Houses of Parliament
If you're thinking of booking a hotel near the Houses of Parliament with Lastminute.com why not take a tour of the iconic Thameside complex which has witnessed so much momentous history?
The current Houses of Parliament were built between 1840 and 1870 following a fire in 1834 which destroyed most of the historic buildings except the magnificent medieval Westminster Hall. But did you know that the disaster was recorded in a series of drawings and watercolours by JMW Turner?
You can take a guided or an audio tour of the buildings on Saturdays throughout the year and on most weekdays during parliamentary recess. The audio tour lasts between an hour and 75 minutes and includes Westminster Hall, The Lords Chamber, The Queen's Robing Room and Central Lobby.
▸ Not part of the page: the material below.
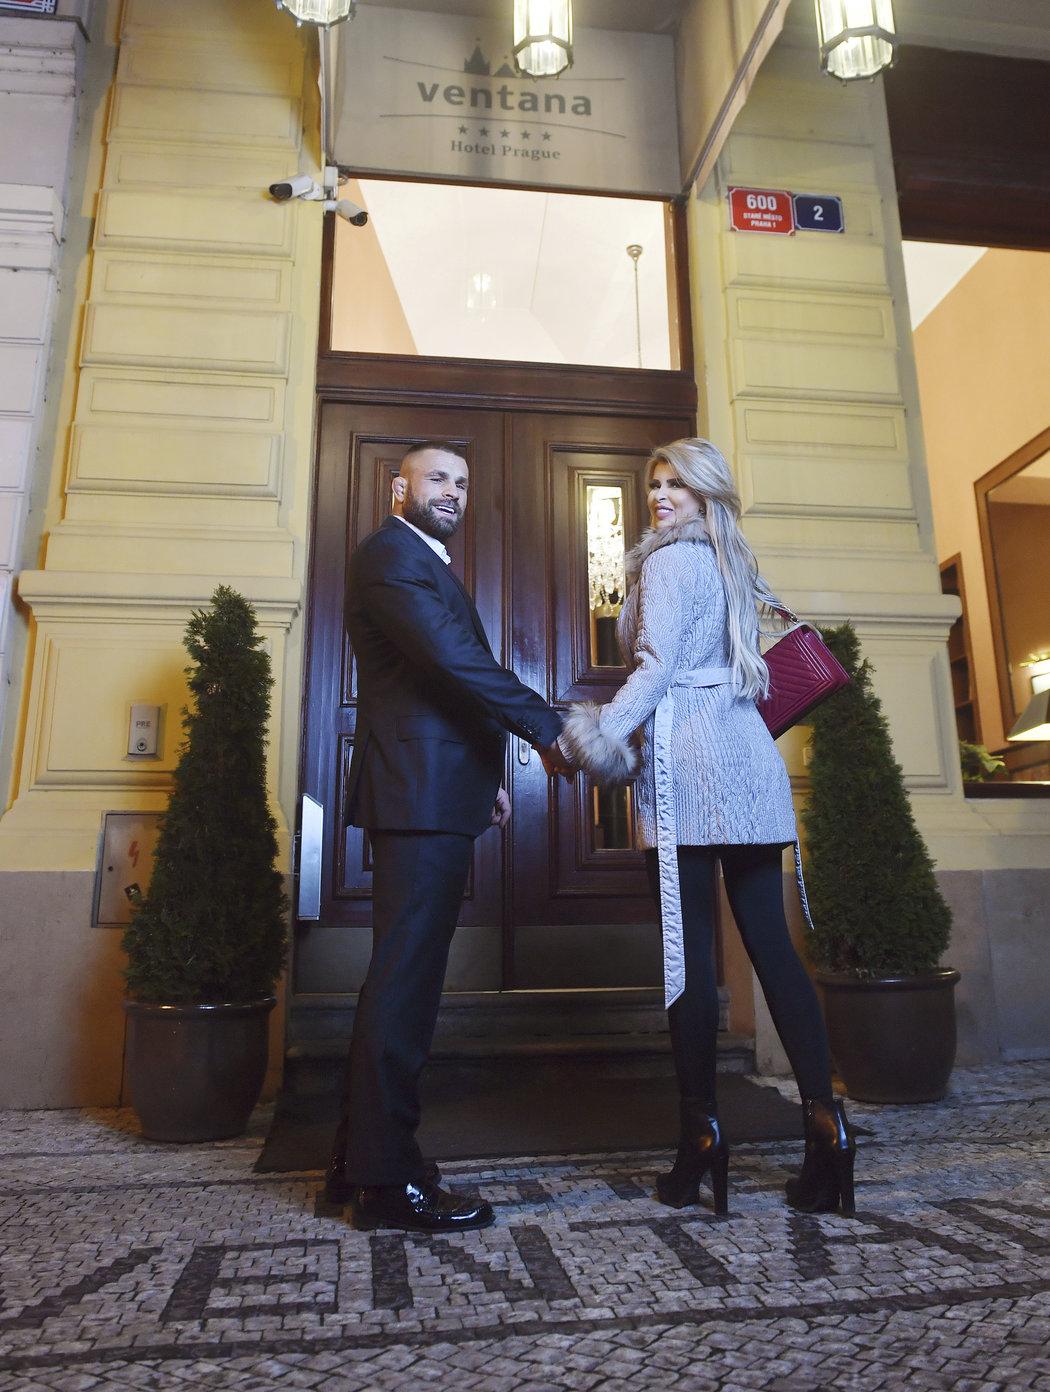 Karlos Vémola se svou partnerkou Lelou Ceterovou před vstupem do pražského hotelu Ventana
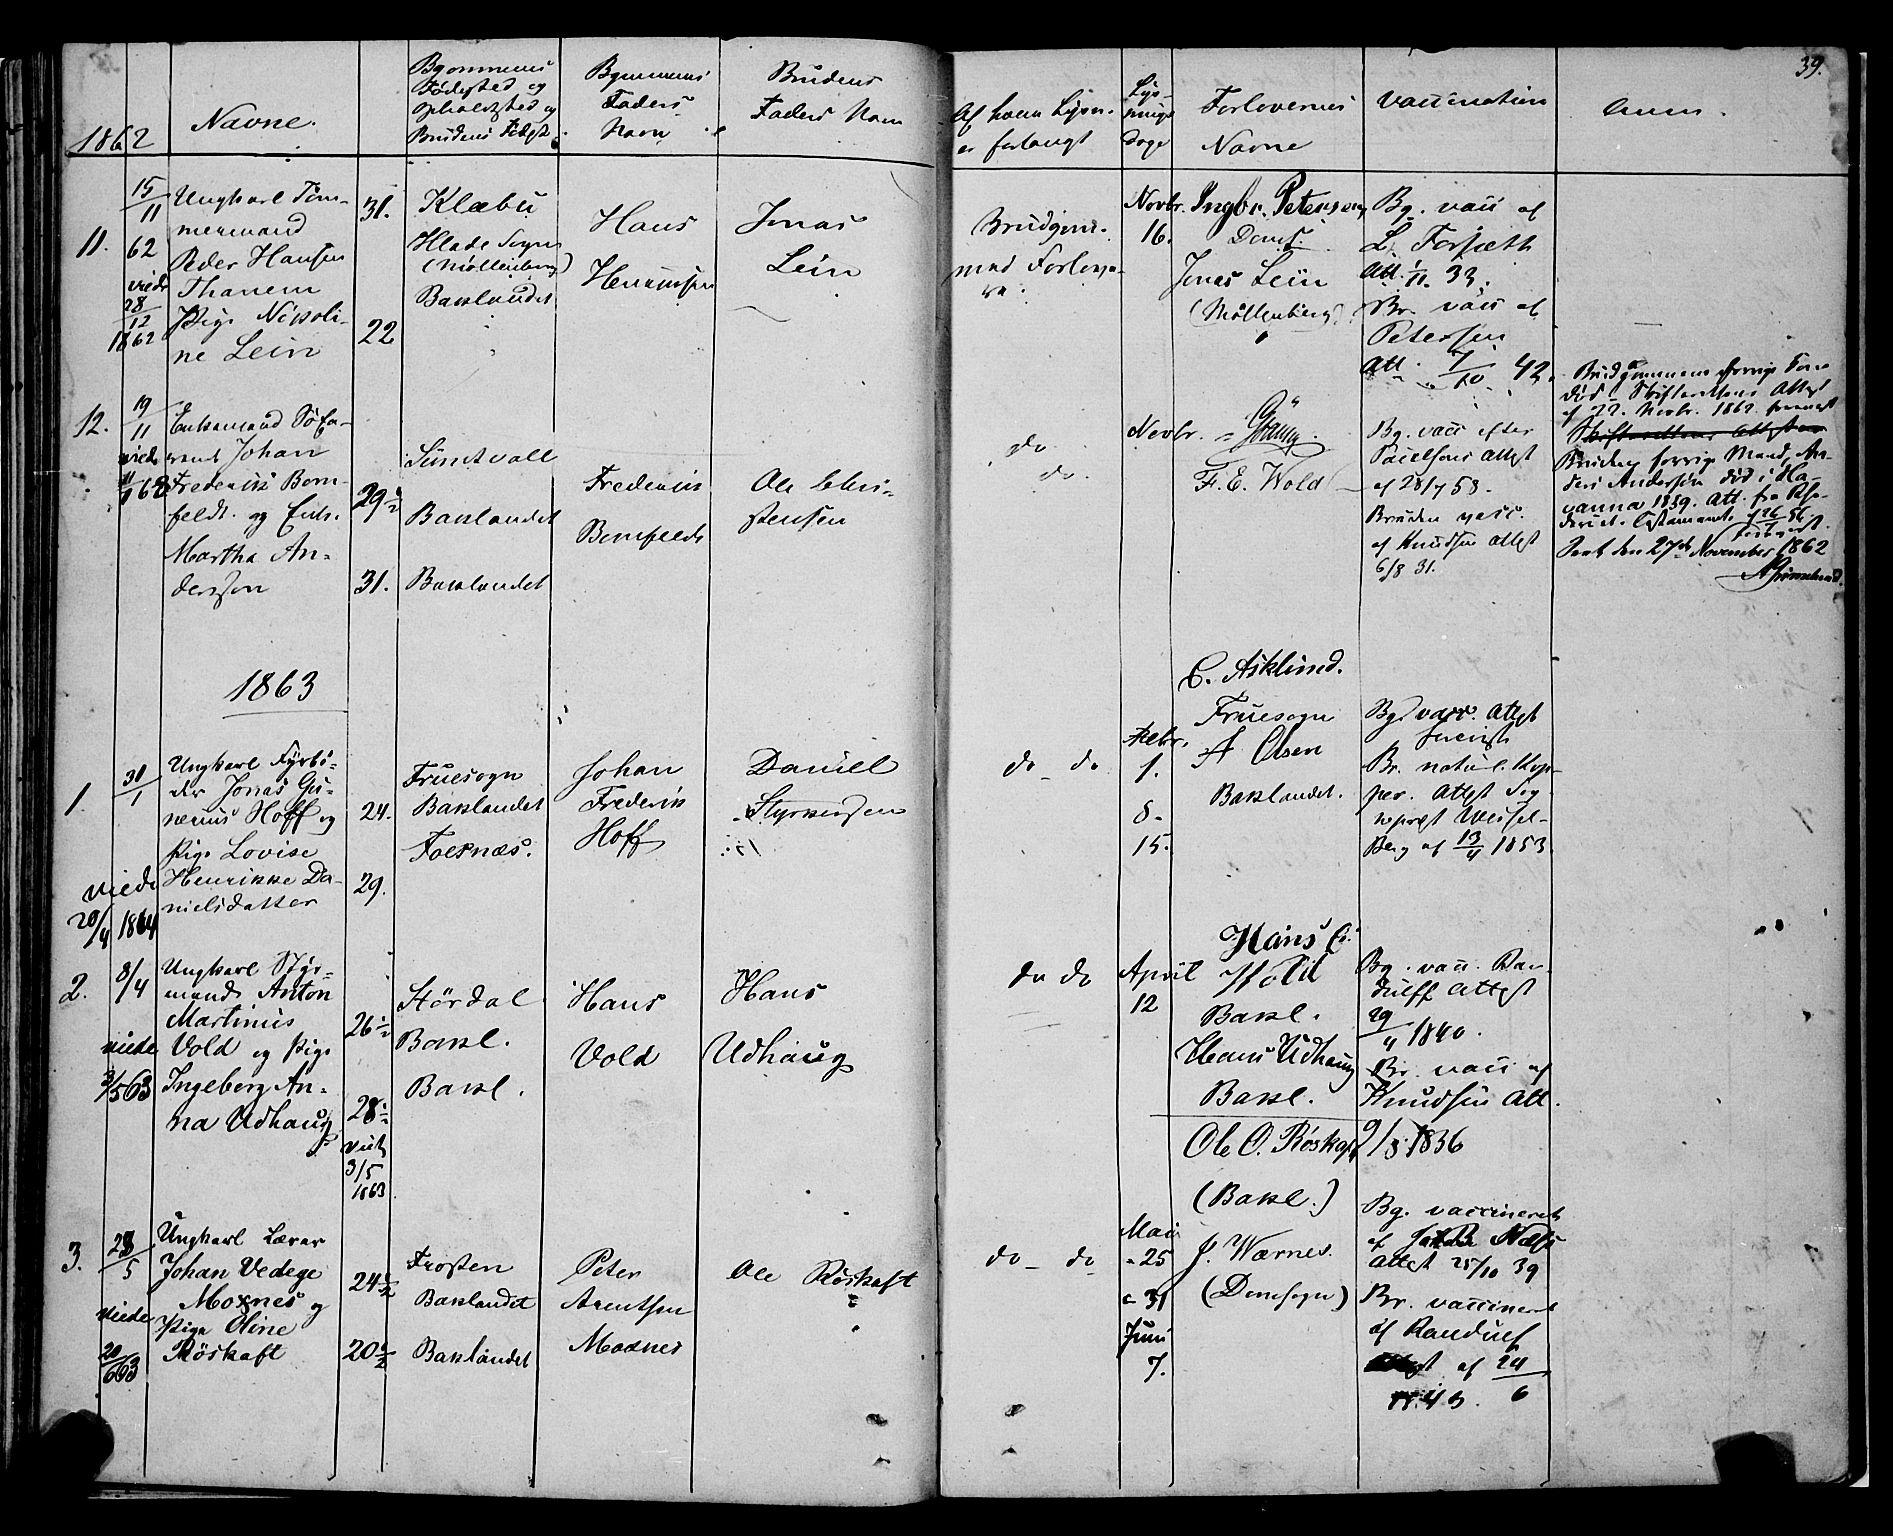 SAT, Ministerialprotokoller, klokkerbøker og fødselsregistre - Sør-Trøndelag, 604/L0187: Ministerialbok nr. 604A08, 1847-1878, s. 39

UK residents can arrange a tour of the Elizabeth Tower and Big Ben through their MP or member of the House of Lords. You can also watch Parliament at work during Prime Minister's Question Time – you will need to queue for a free ticket – or during debates or select committee proceedings.
Arts and culture
Courtauld Gallery is not exactly a secret but doesn't attract the size of crowds that Tate Modern or the National Gallery does. Which makes exploring its wonderful collections a positive pleasure. It is one of the finest small art museums and its holding of Impressionist and Post-Impressionist work include Manet's A Bar at the Folies-Bergére, and a version of Déjeuner sur l'Herbe. There are also seven paintings by Cezanne, three by Gaugin as well as work by Monet, Renoir and Van Gogh.
Things to see and do
A 15-minute walk or a short Tube ride takes you to the Handel House Museum at 25 Brook Street where the composer lived from 1723 until his death in 1759. It was here he composed masterpieces such as Messiah. Finely-restored Georgian interiors house exhibitions, displays and music recitals.
At Banqueting House, Inigo Jones' crowning achievement, you can still see the first-floor window from which Charles I stepped on January 30, 1649 on to the scaffold where he was beheaded. The building is the only remaining substantive part of Palace of Whitehall. Marvel at the extravagantly-decorated ceiling by Rubens and explore the undercroft designed as a drinking den for James I.
Eating and drinking
Old Westminster Library provides a splendid setting in which to enjoy Indian cuisine fit for a Maharajah. The Cinnamon Club blends high Victorian interiors with fresh takes on old favourites. A favourite of the likes of Gordon Brown, Cherie Blair and Ed Ball, you could run into your MP.
Or sample Quirinale, three minutes' walk from Westminster Abbey, an upmarket Italian restaurant consistently voted one of the best in London. Many of the ingredients are imported from Italy.
And for drinks try The White Hart in Cornwall Road which offers a great range of hand-pulled real ales, an extensive selection of continental beers and a good list of wines and champagnes.